[GIVEN DATA Boundary: Start]
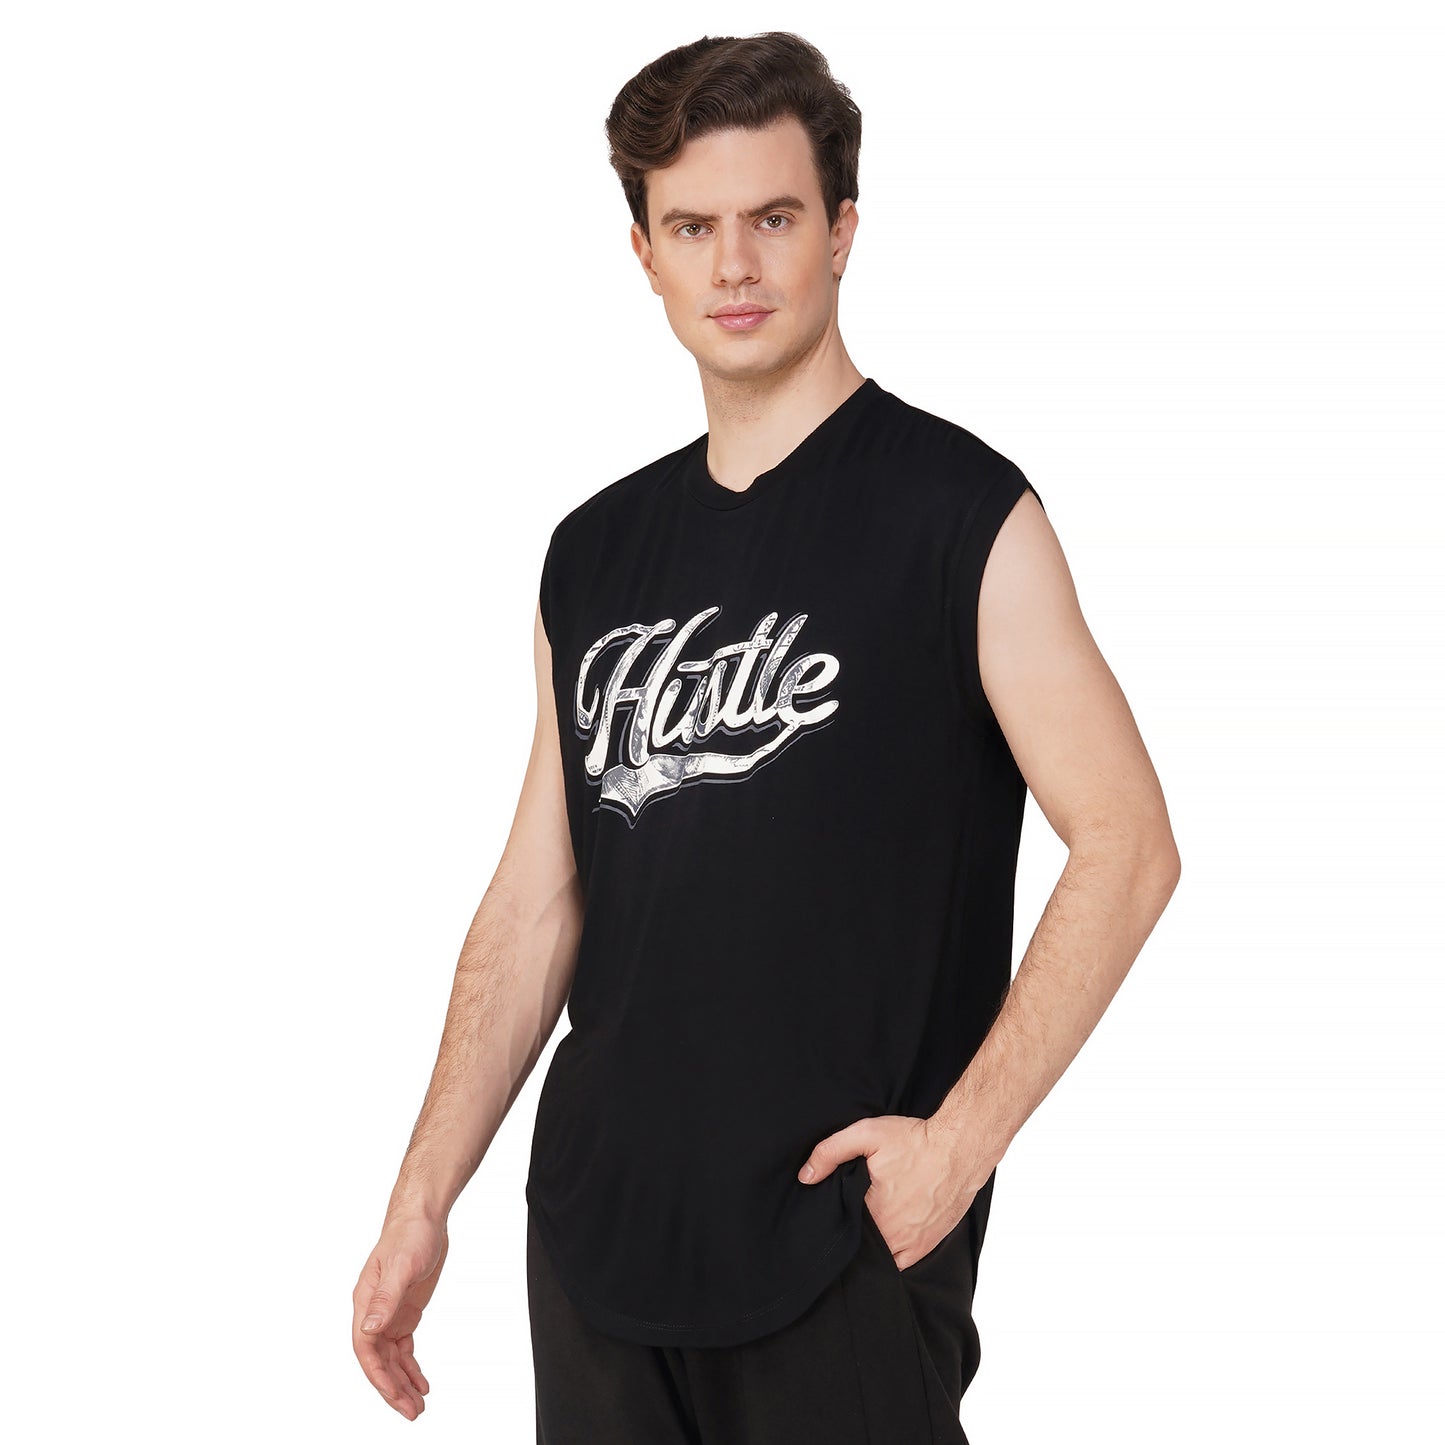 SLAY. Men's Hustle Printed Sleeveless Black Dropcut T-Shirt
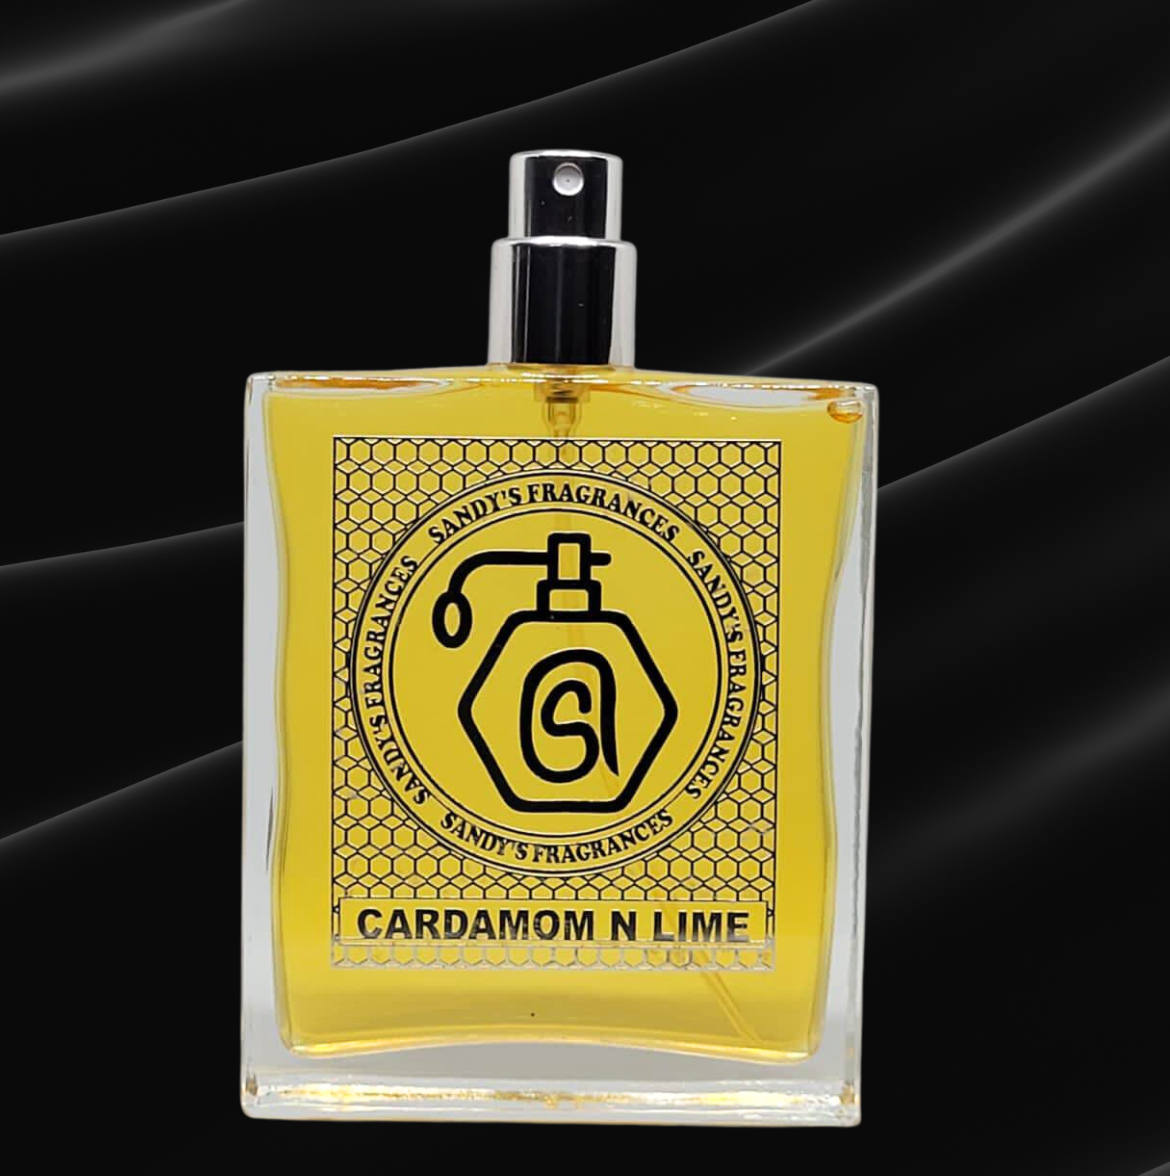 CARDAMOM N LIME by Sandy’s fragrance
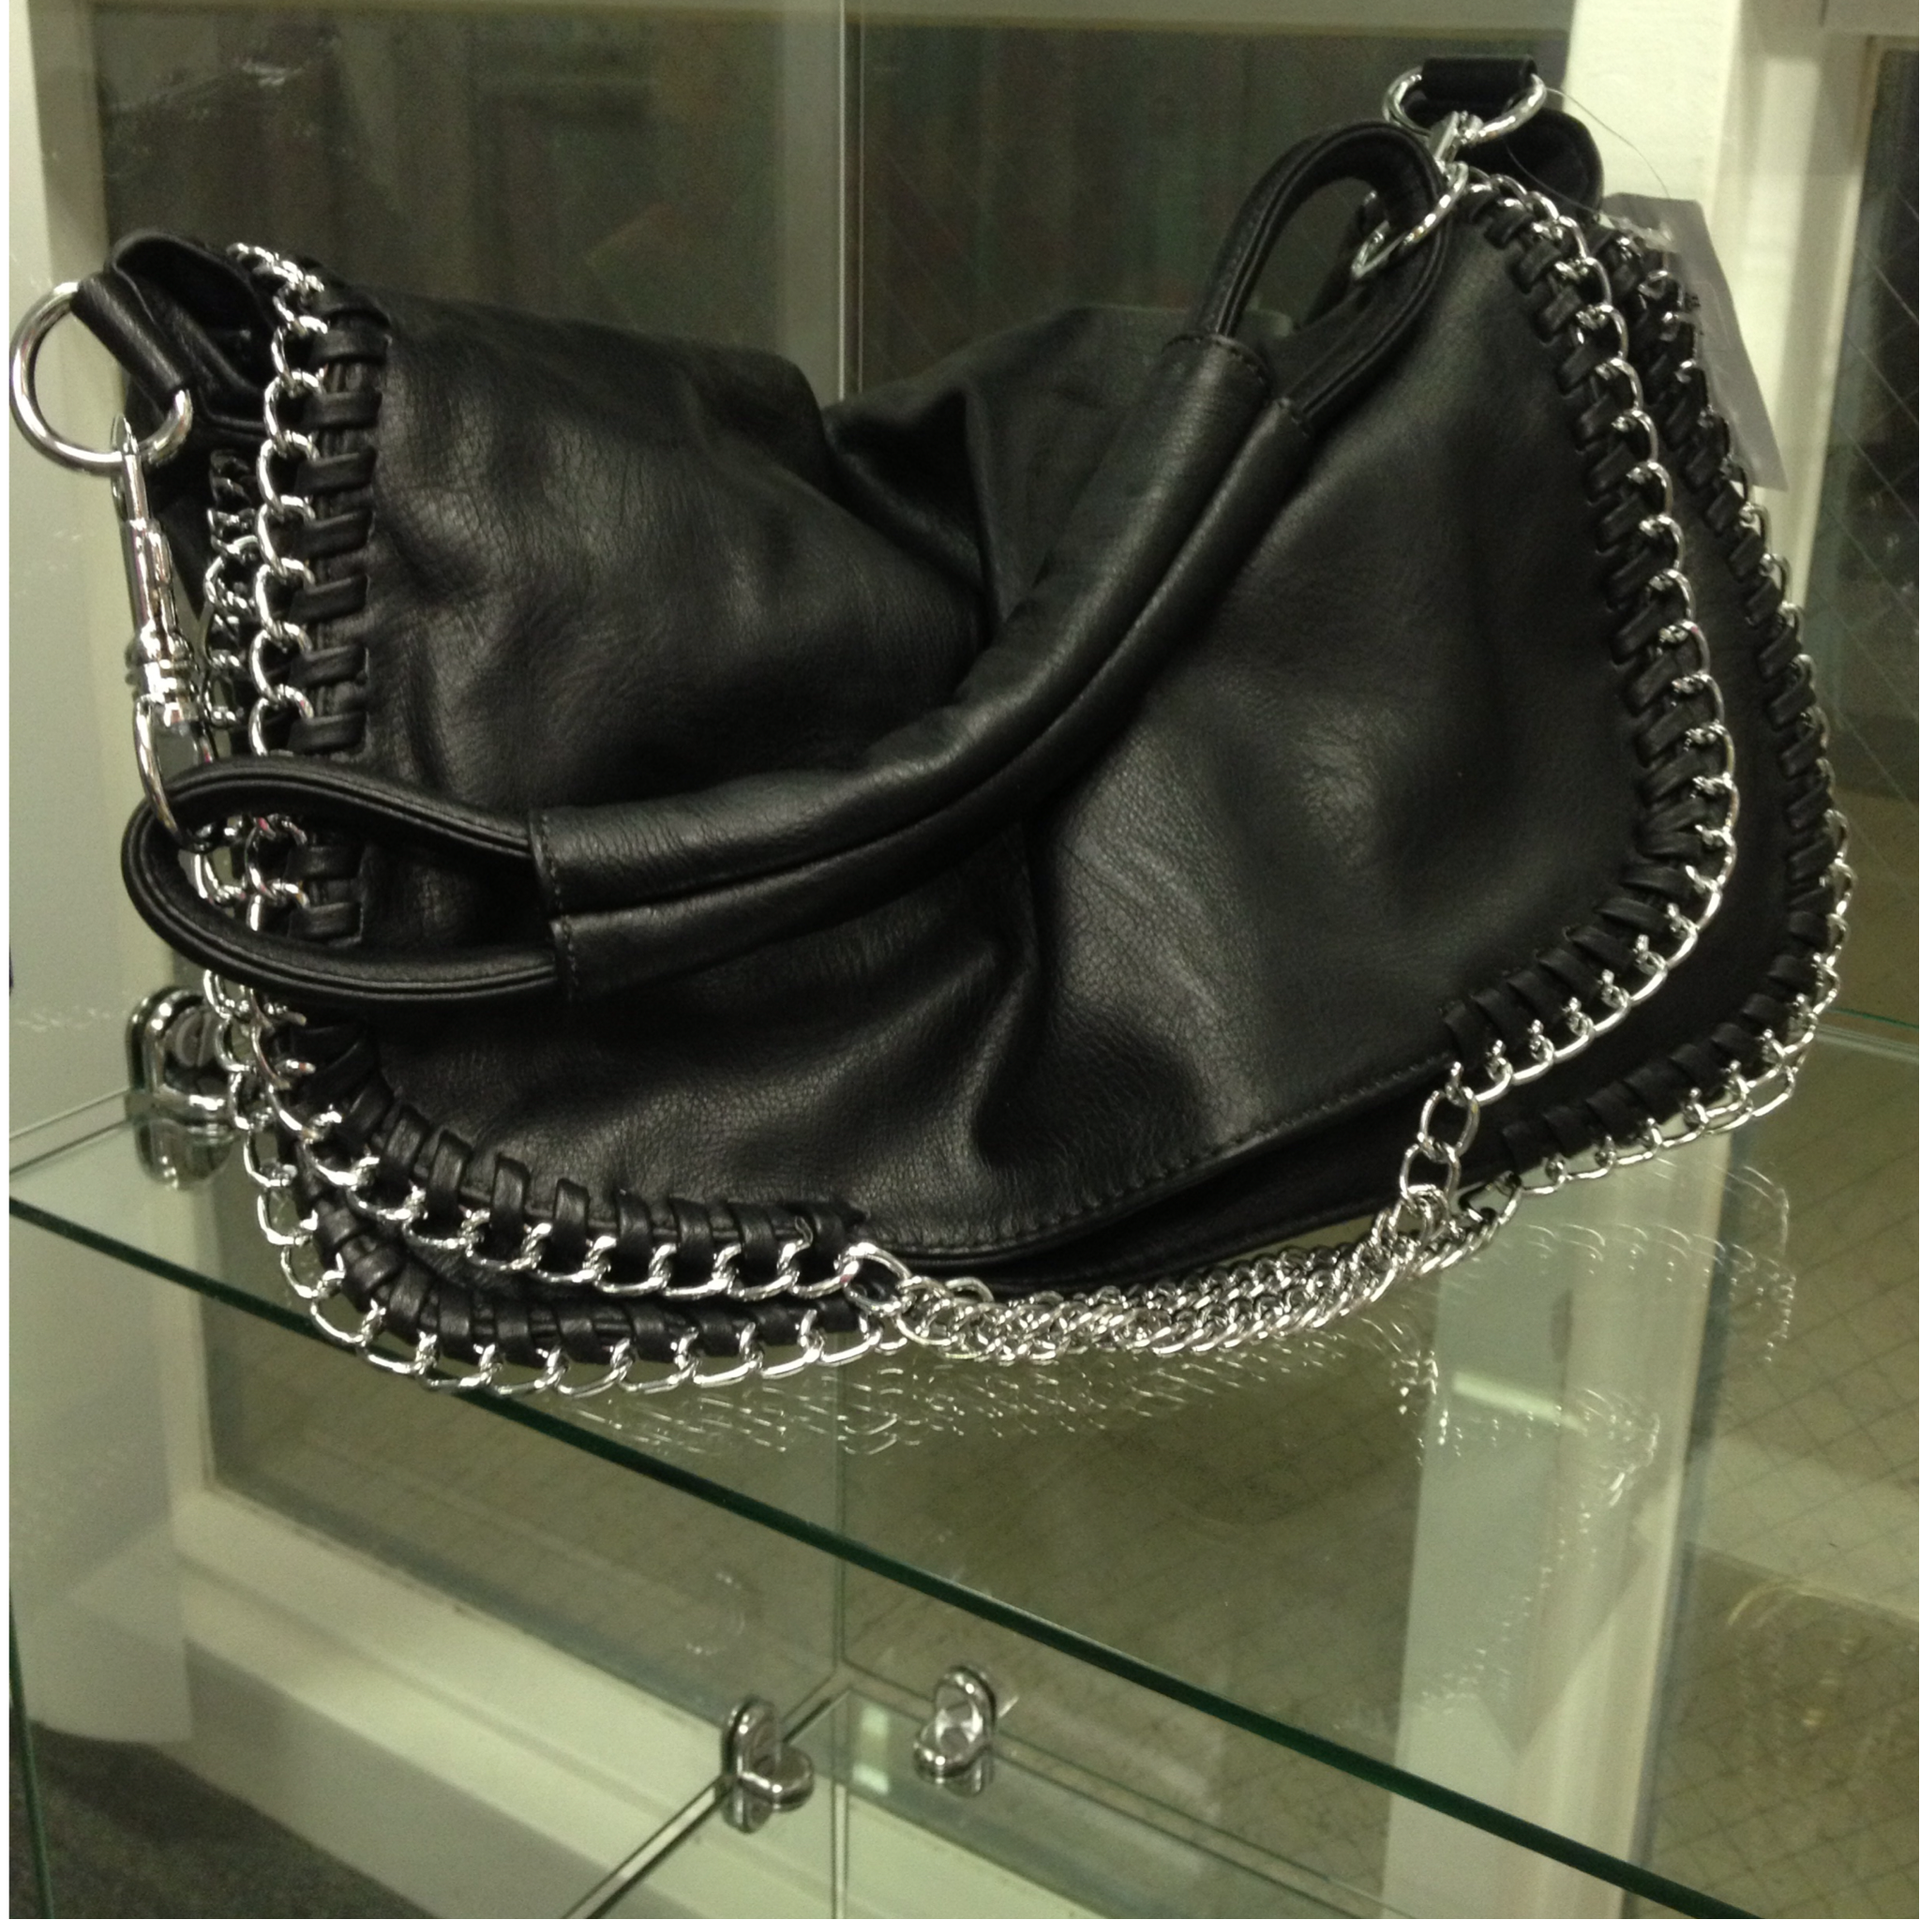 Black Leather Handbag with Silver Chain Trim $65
[GIVEN DATA Boundary: End]
Pictures stay out; everything else in the listing above gets restated word for word.

» ANSWER SECTION
 SLAY. Men's Hustle Printed Sleeveless Black Dropcut T-Shirt
 CARDAMOM N LIME by Sandy’s fragrance
 Black Leather Handbag with Silver Chain Trim $65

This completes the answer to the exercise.